### Work request
For the material below, the expected output is exactly the lines between the line holding "کتاب پژوهشهای باستان" and the line holding "Women's bag - Coccinelle - 1", inclusive, with pictures left out.

### Data for analysis
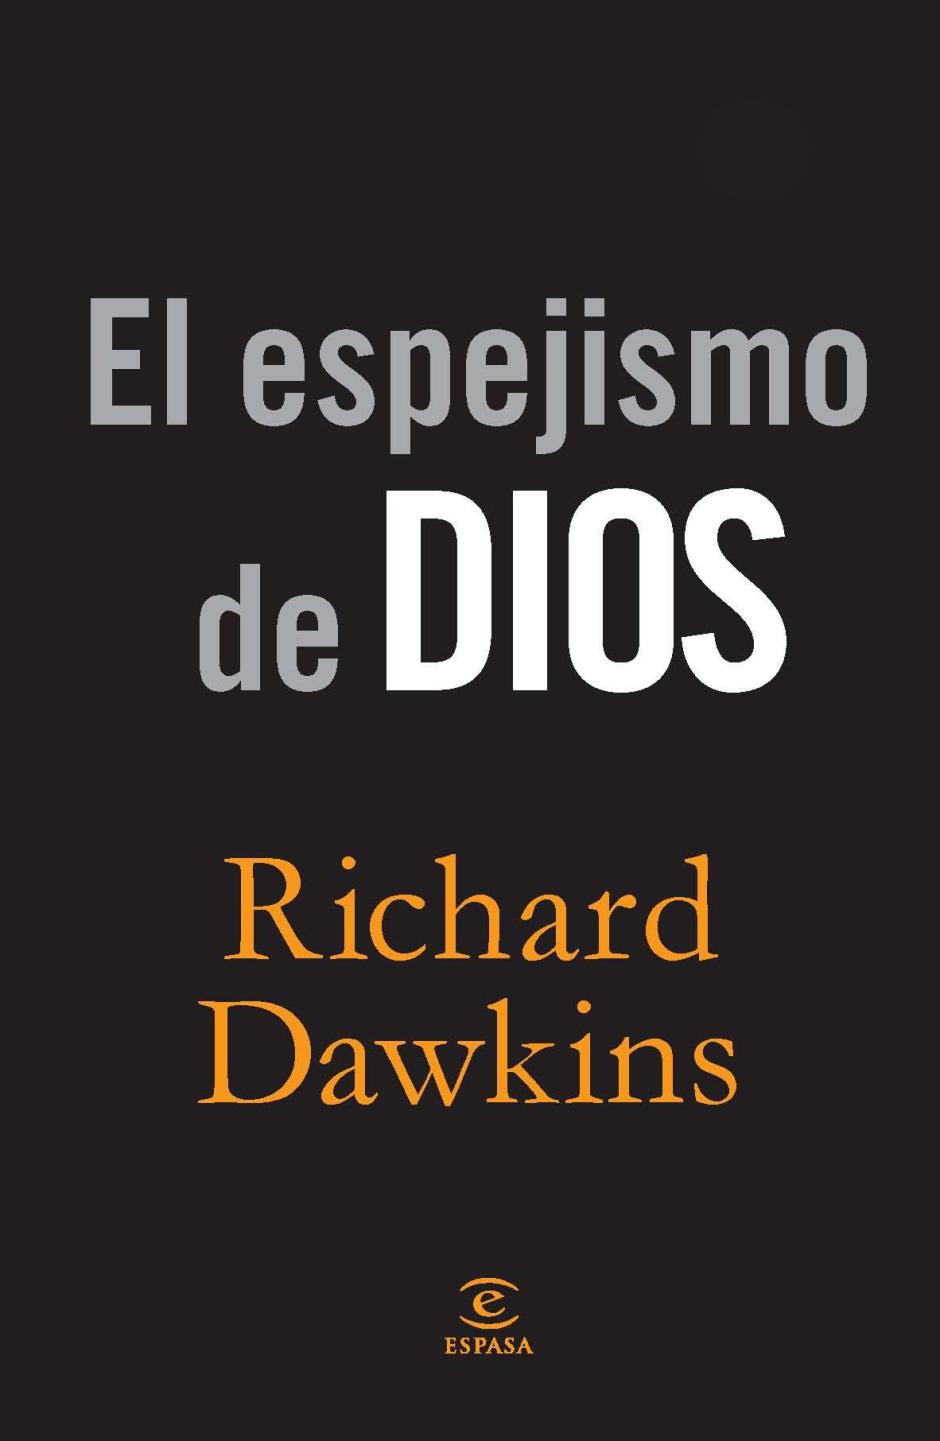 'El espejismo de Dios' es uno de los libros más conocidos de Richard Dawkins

---

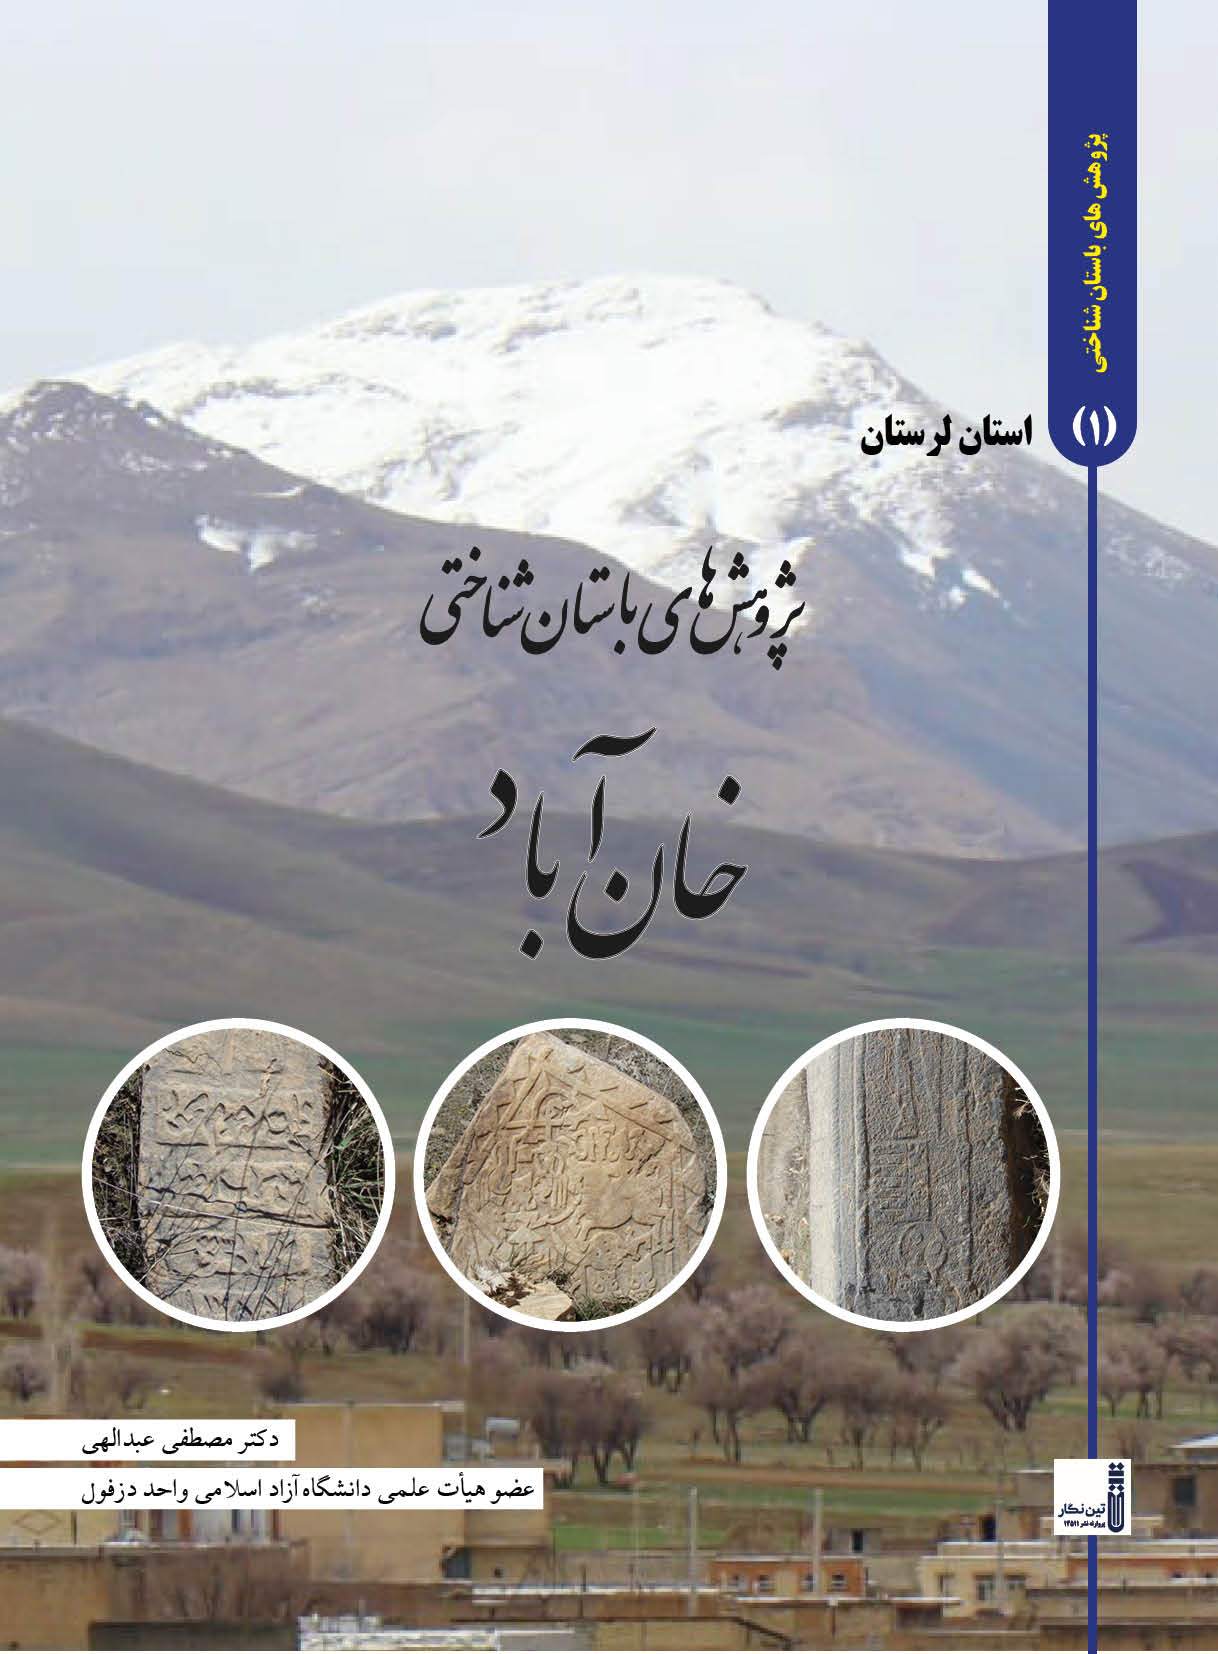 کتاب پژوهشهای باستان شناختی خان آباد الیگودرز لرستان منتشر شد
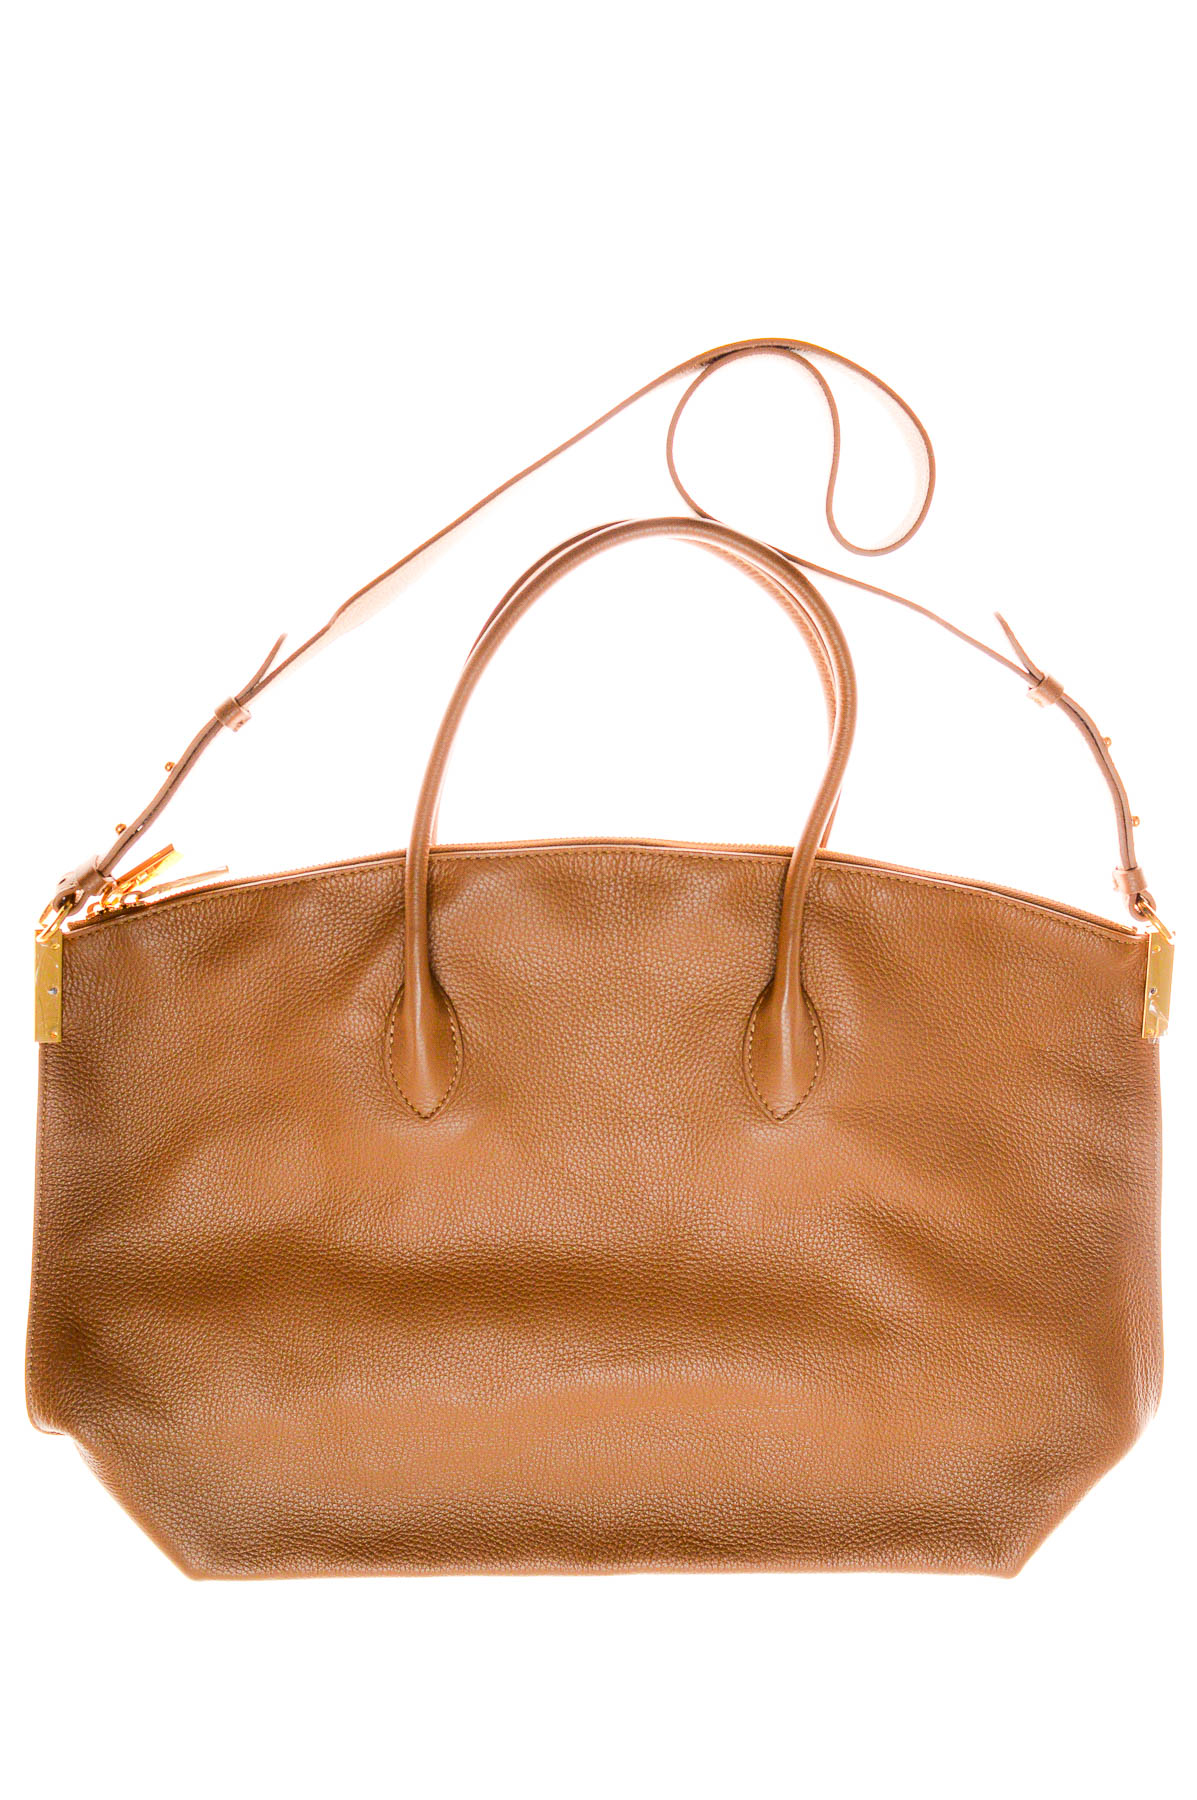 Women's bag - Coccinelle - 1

* * *

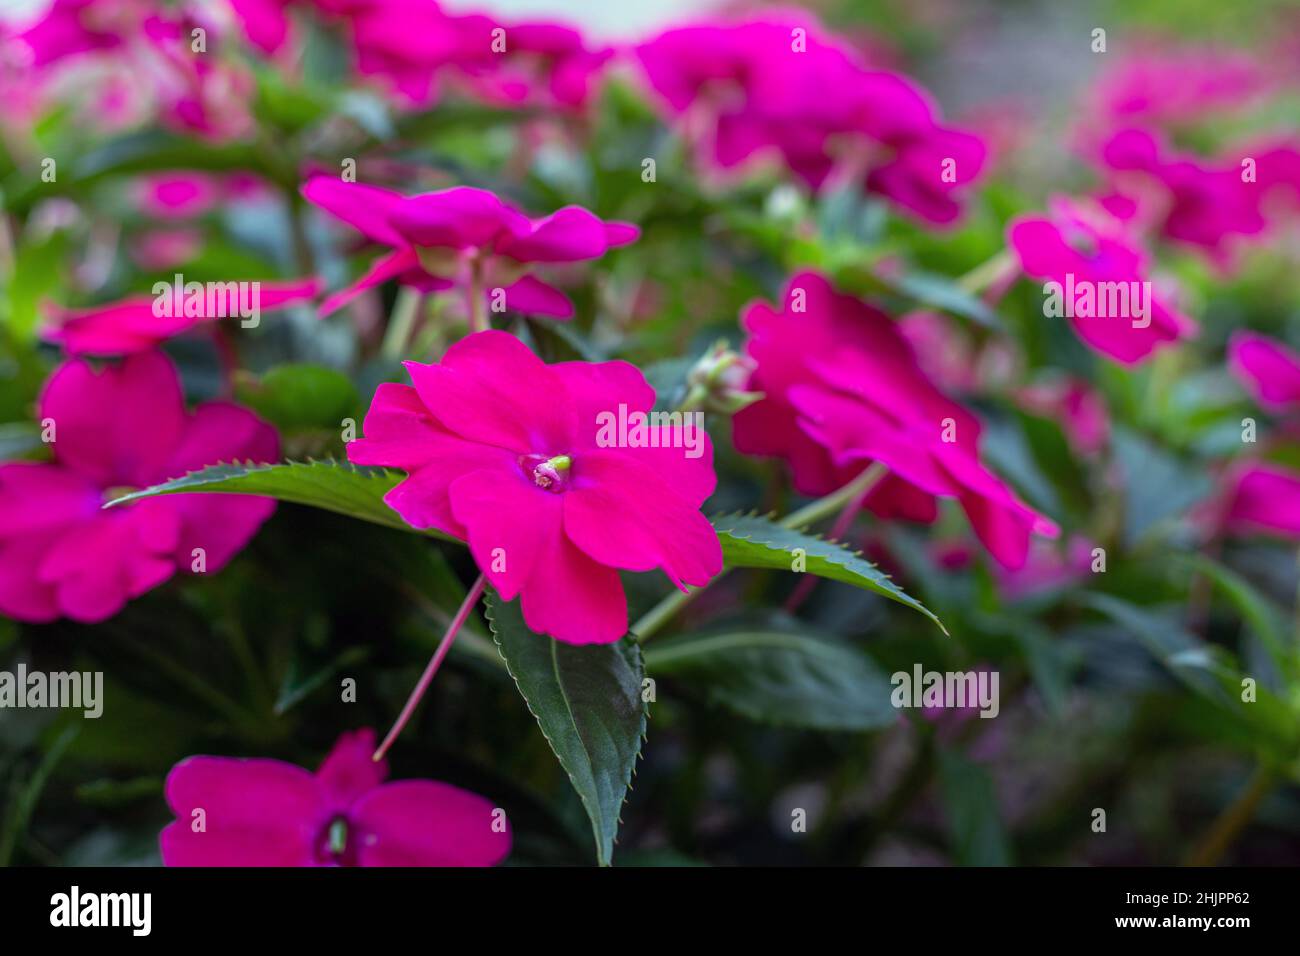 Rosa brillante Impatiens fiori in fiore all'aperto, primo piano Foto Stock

### Exercise output
 کتاب پژوهشهای باستان شناختی خان آباد الیگودرز لرستان منتشر شد
 Women's bag - Coccinelle - 1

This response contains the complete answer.